When God seems silent, I will ask how I may quiet my soul and trust?
When mankind isn’t kind at all, I will be curious about what prayers, words or deeds are mine to respond?
When I’m stained with guilt, I will inquire about the mysteries of forgiveness?
When life shines like the sun and I feel full and free, I’ll ponder the sweetness of happiness and ask how I may hold it in?
When the brilliance of humanity or the magnificence of a child take my breath away, I’ll be curious how much wonder can a heart hold?
When I become curious possibility opens. Possibility fuels imagination. Imagination brightens. Enlightens.
What about you?
What word would you choose to help shape your 2017?
It’s been a while since I’ve posted. If you are new to my blog you’ll notice that I periodically take sabbatical’s from writing. It’s not that I have nothing to say, it’s that I need to take a break from speaking and practice listening.
There’s been a lot to listen to in the past few months.
Our society is very out of sorts about a good many things. The messages I have heard varies from the plight of the vulnerable or marginalized to the American rights of every citizen; the outrage of personalities, politics and immoral practices to freedom of expression and speech. There are new messages almost daily. It’s hard to keep up.

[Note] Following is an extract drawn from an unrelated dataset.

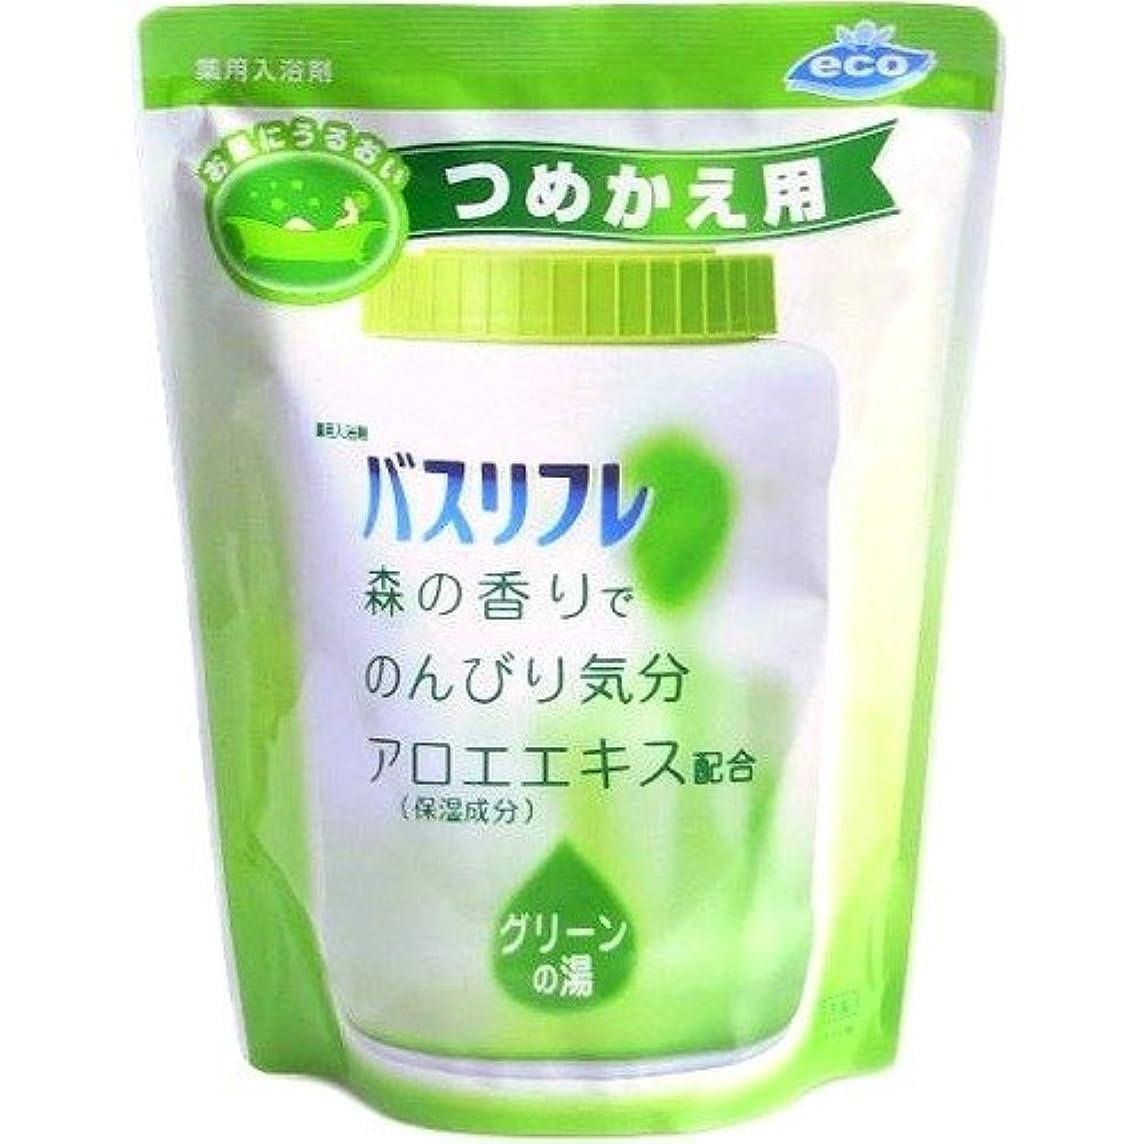 木曜日最初に国旗薬用入浴剤 バスリフレ グリーンの湯 つめかえ用 540g 森の香り (ライオンケミカル)

It’s not just society that is demanding to be listened to. People close to me are chugging along in life and it’s not turning out as expected. Physical aliments, fears and uncertainty over “tomorrow” is a regular dialog.

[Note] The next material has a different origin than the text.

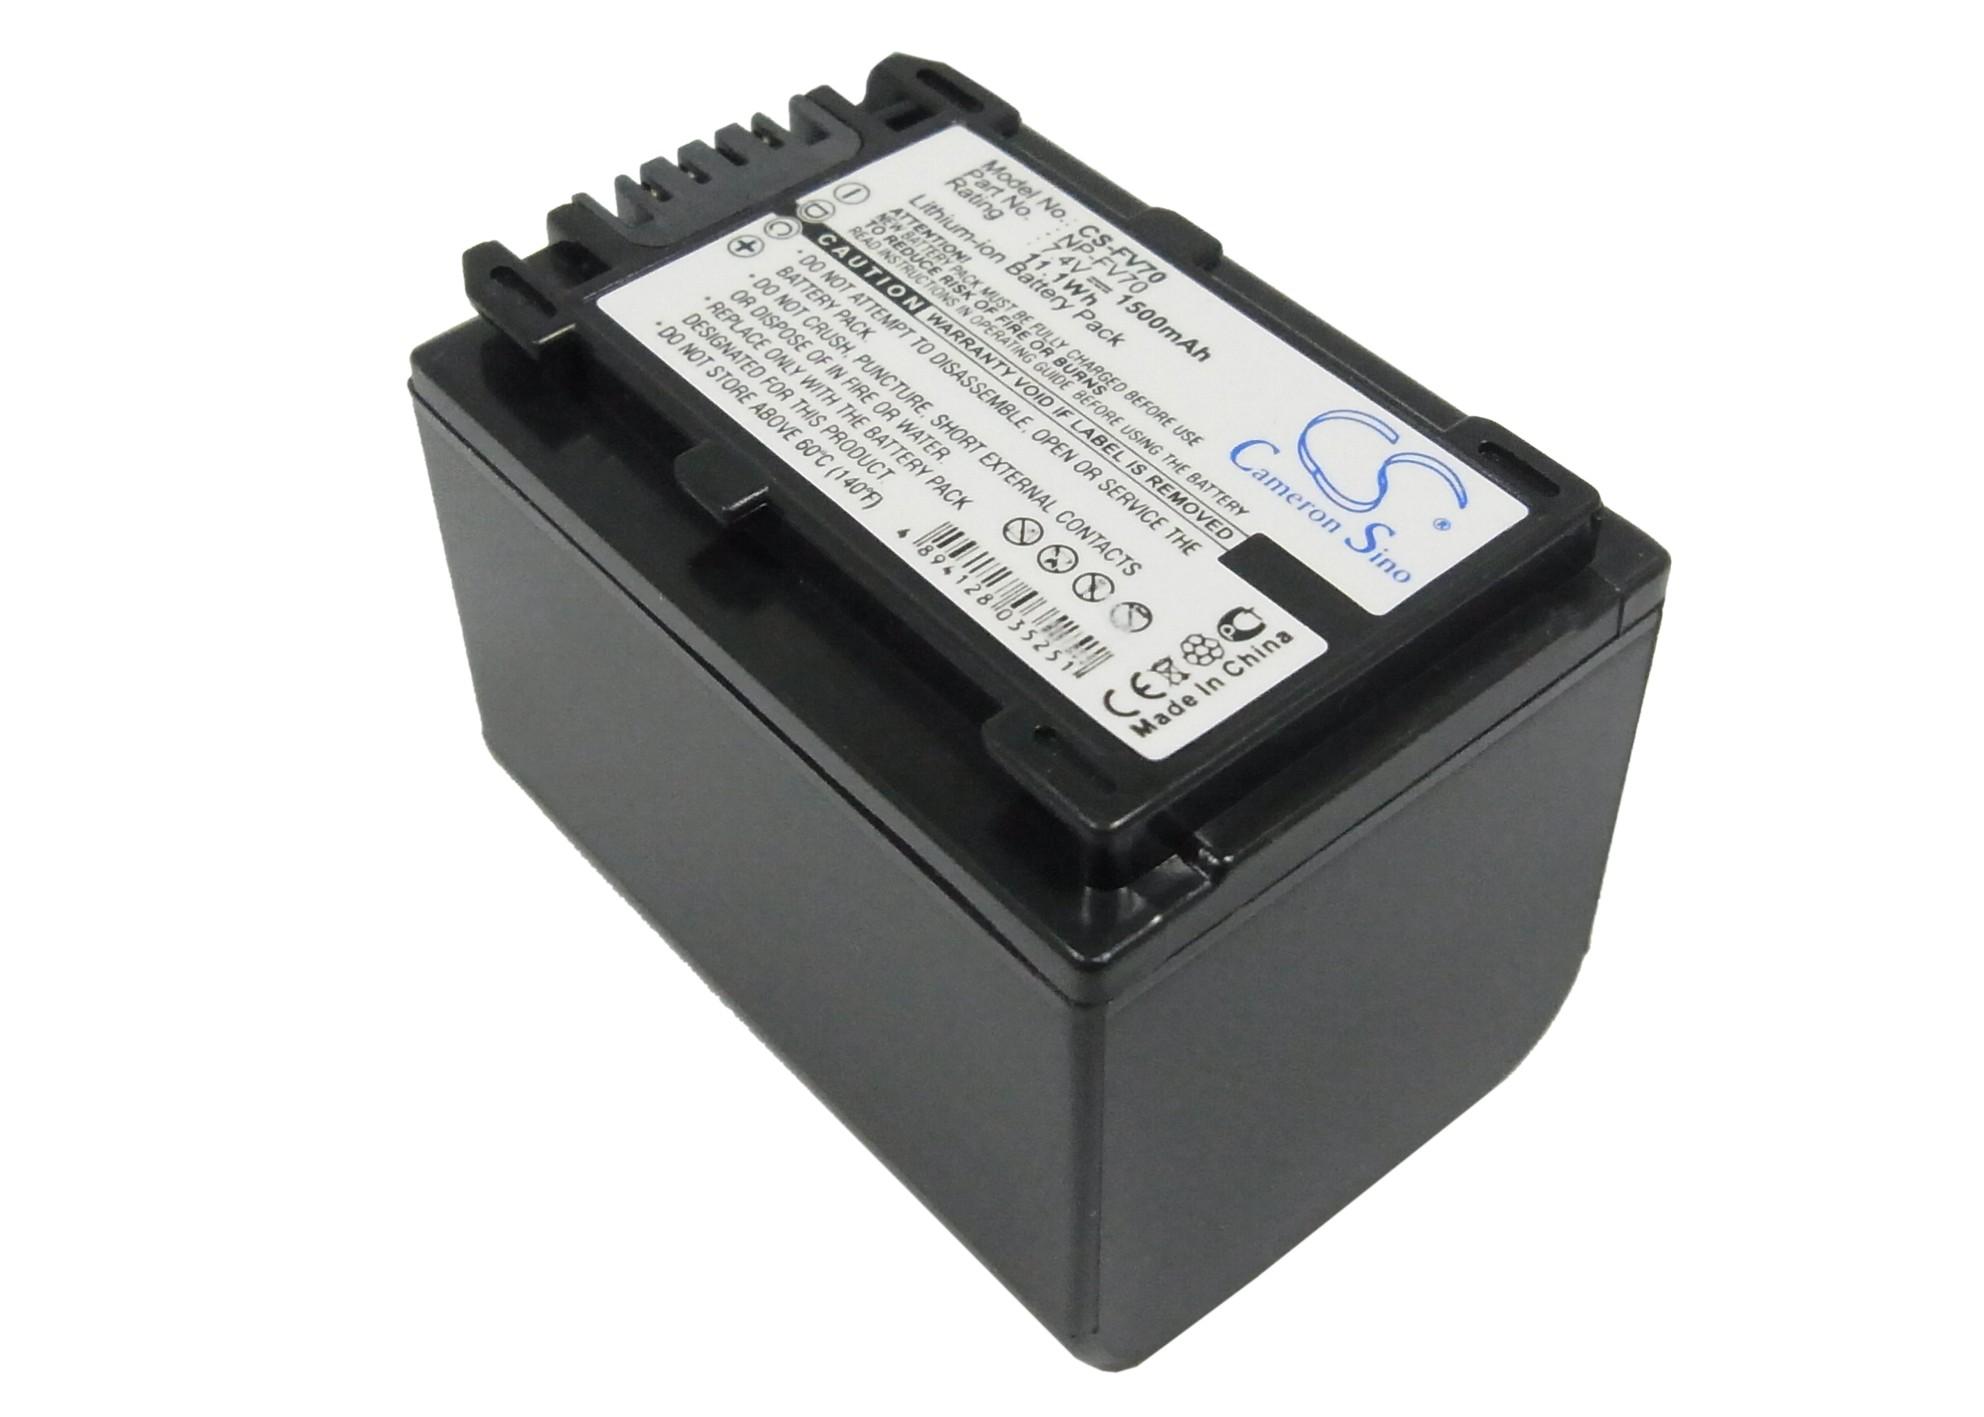 Cameron Sino baterie do kamer a fotoaparátů pro SONY HDR-CX160E 7.4V Li-ion 1500mAh černá - neoriginální

My own soul at times rants. Trampled by the voices of many. Smothered by the weight of the world and my world. It crys to be remembered and nurtured.
There has been a lot to listen to.
Listening is important, for listening reveals answers I cannot get when I’m talking.

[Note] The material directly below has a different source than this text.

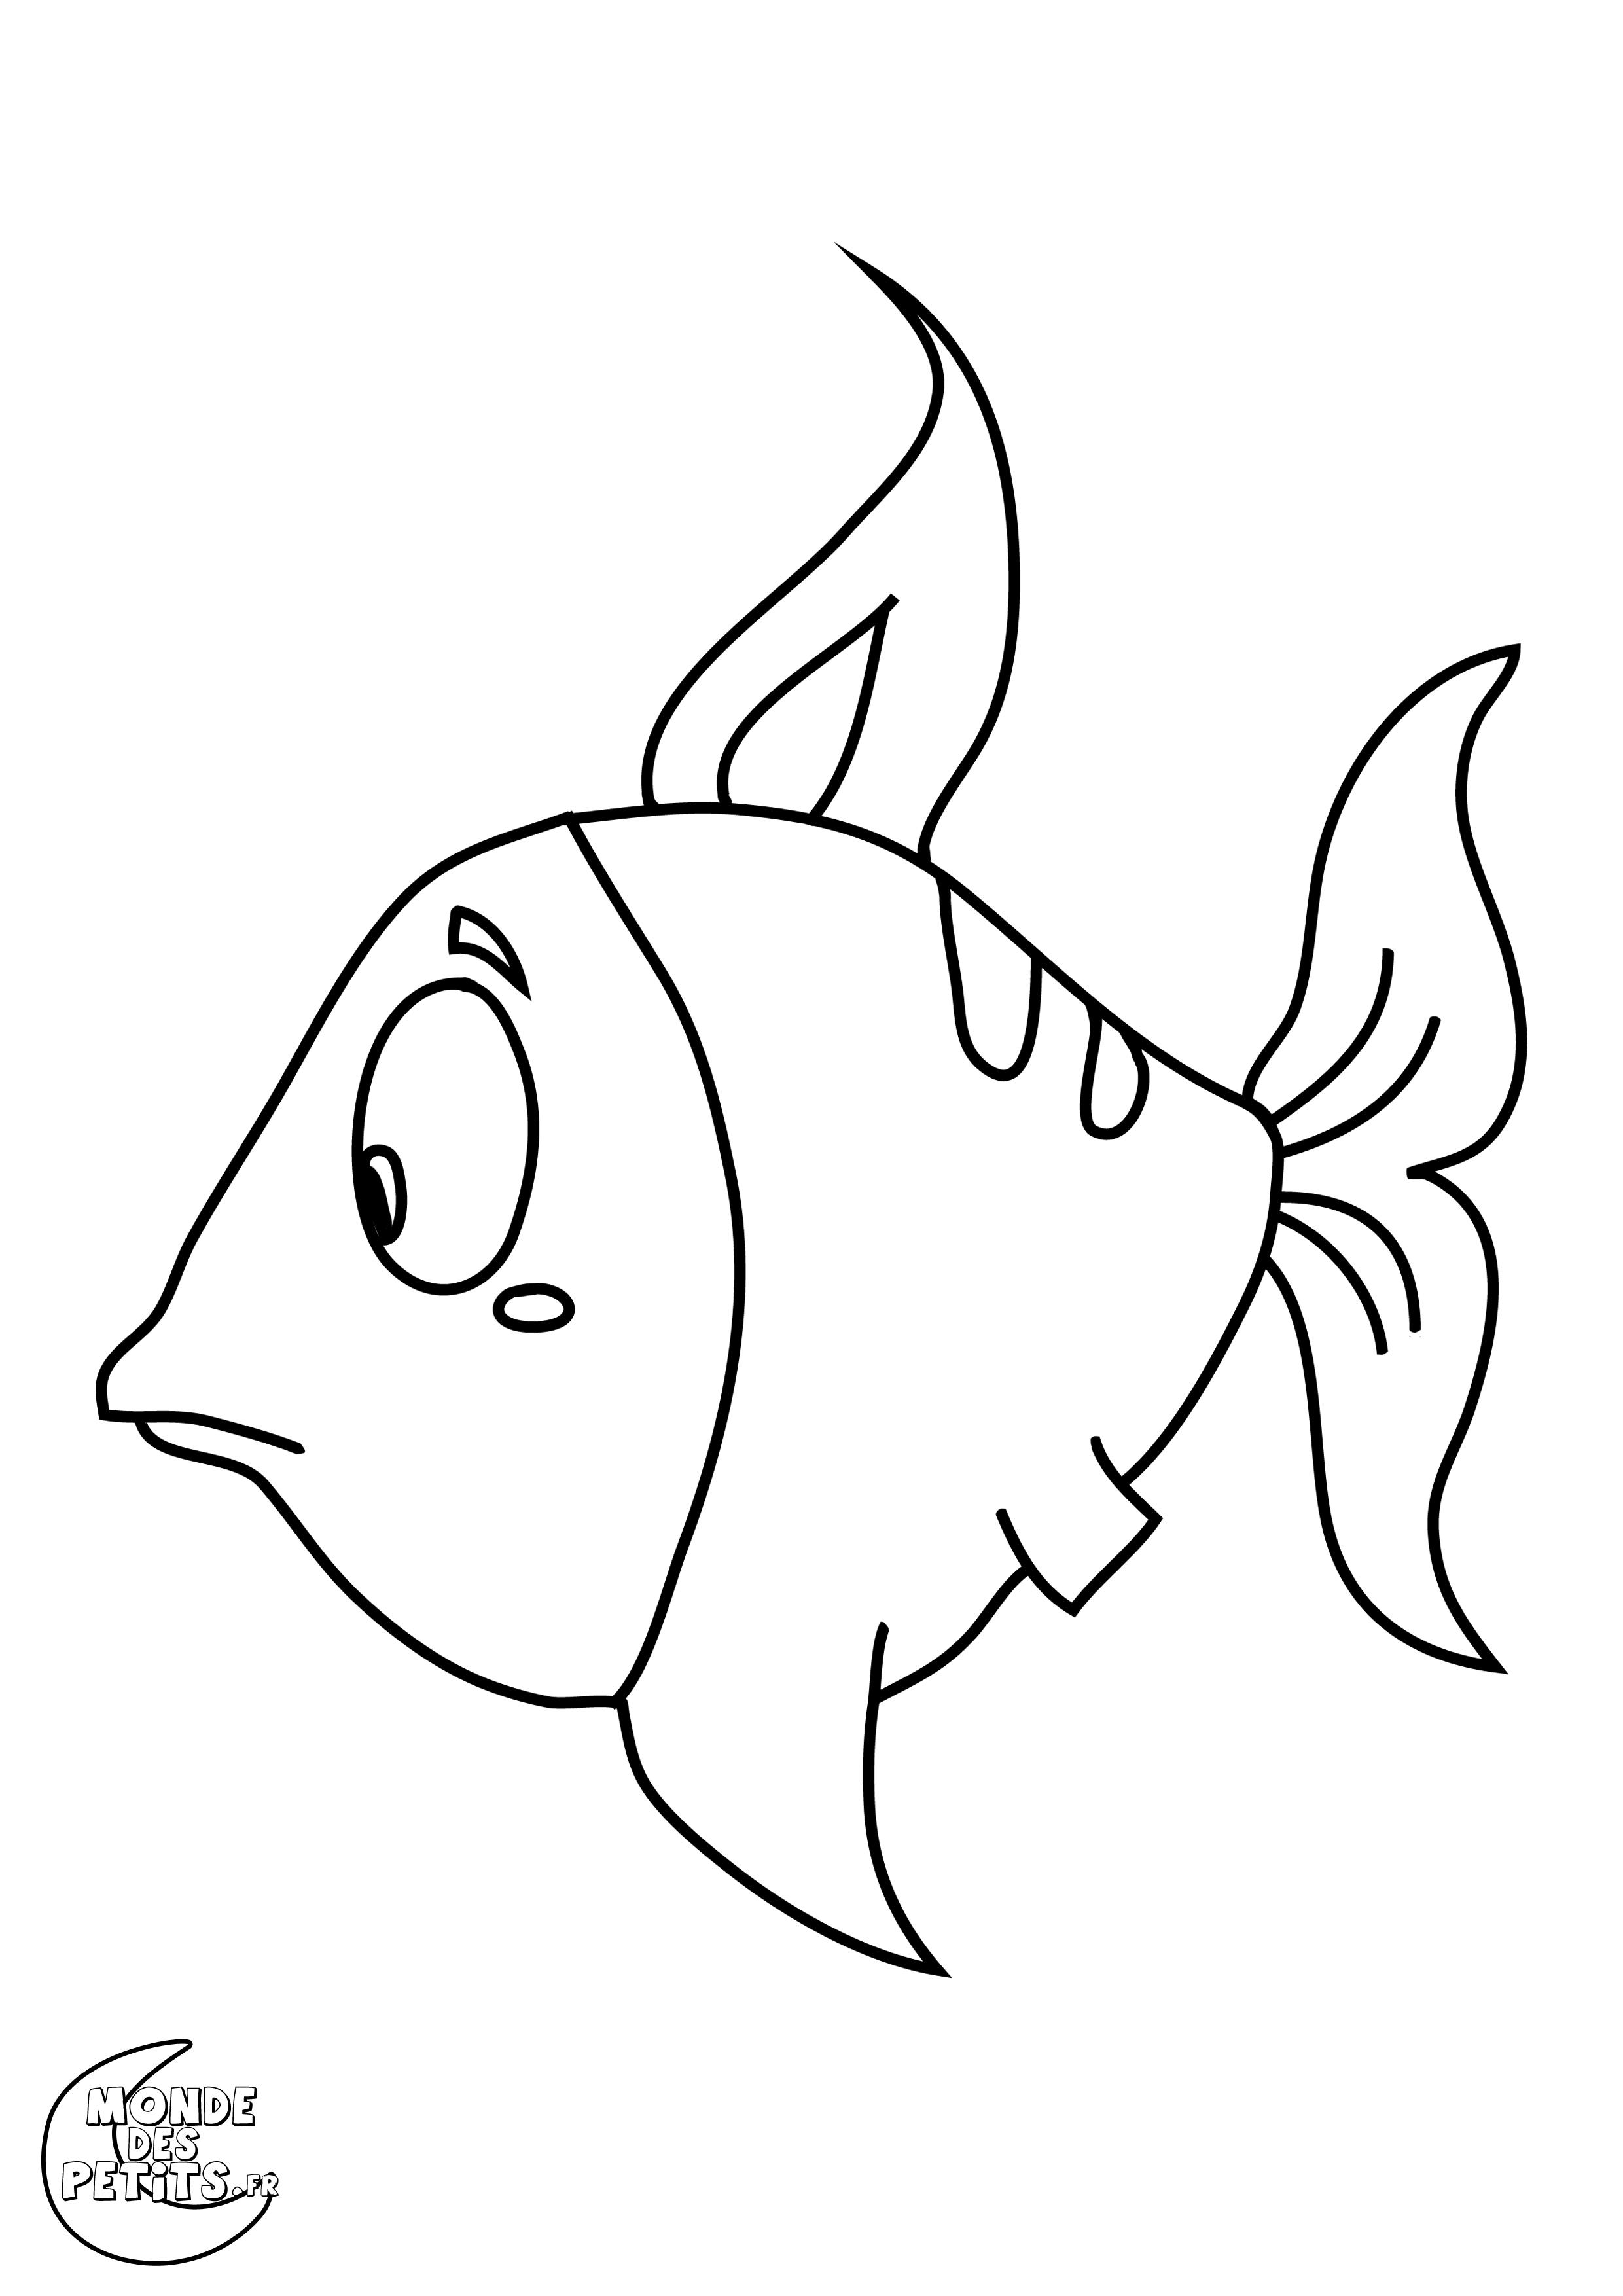 Monde des petits coloriages imprimer - Dessin poisson ...

When you quiet your own voice you can better hear yourself. I tend to clutter the atmosphere with my spastic words and thoughts, so much so that I am not always sure what it is that I’m trying to say. I just become quick to have a comment, idea or thought that spills out into conversation whether it is needed or not. Sometimes talking is a disguise for self-importance or even low self-esteem. If I have the answers, or say something smart than they will all know how brilliant or important I am, or at least that I have an answer for the problem because I’m embarrassed and don’t want the conversation to dig any deeper. Can you relate?
When you quiet your own voice you can better hear what others are saying. Funny thing happens when I’m always talking. No one else gets to. My words take up too much space. I wonder if this is the best way to show love and respect to others? When there isn’t room for a dialog, there isn’t room for more than one person. Listening to others means I’m just as interested and concerned with what they need to share; so interested that I make sure I don’t do all the talking. I listen and find ways to draw the other person out by asking intelligent questions. Listening to others is a active way of loving.
When you quiet your own voice you can better hear what God is saying. When mine is the only voice I tend to listen to I am out of tune with the voice of God. I cannot hear what He has to say about the plight of the world or my life for that matter. My voice drones when it never stops. It becomes more important to “tell” God what I think than to listen to what He thinks. Listening to God is probably the hardest for me. It involves being intentional. It involves reading Scripture and praying, stilling my own inner dialog and inviting Him to speak to me. These things don’t necessarily come naturally to me.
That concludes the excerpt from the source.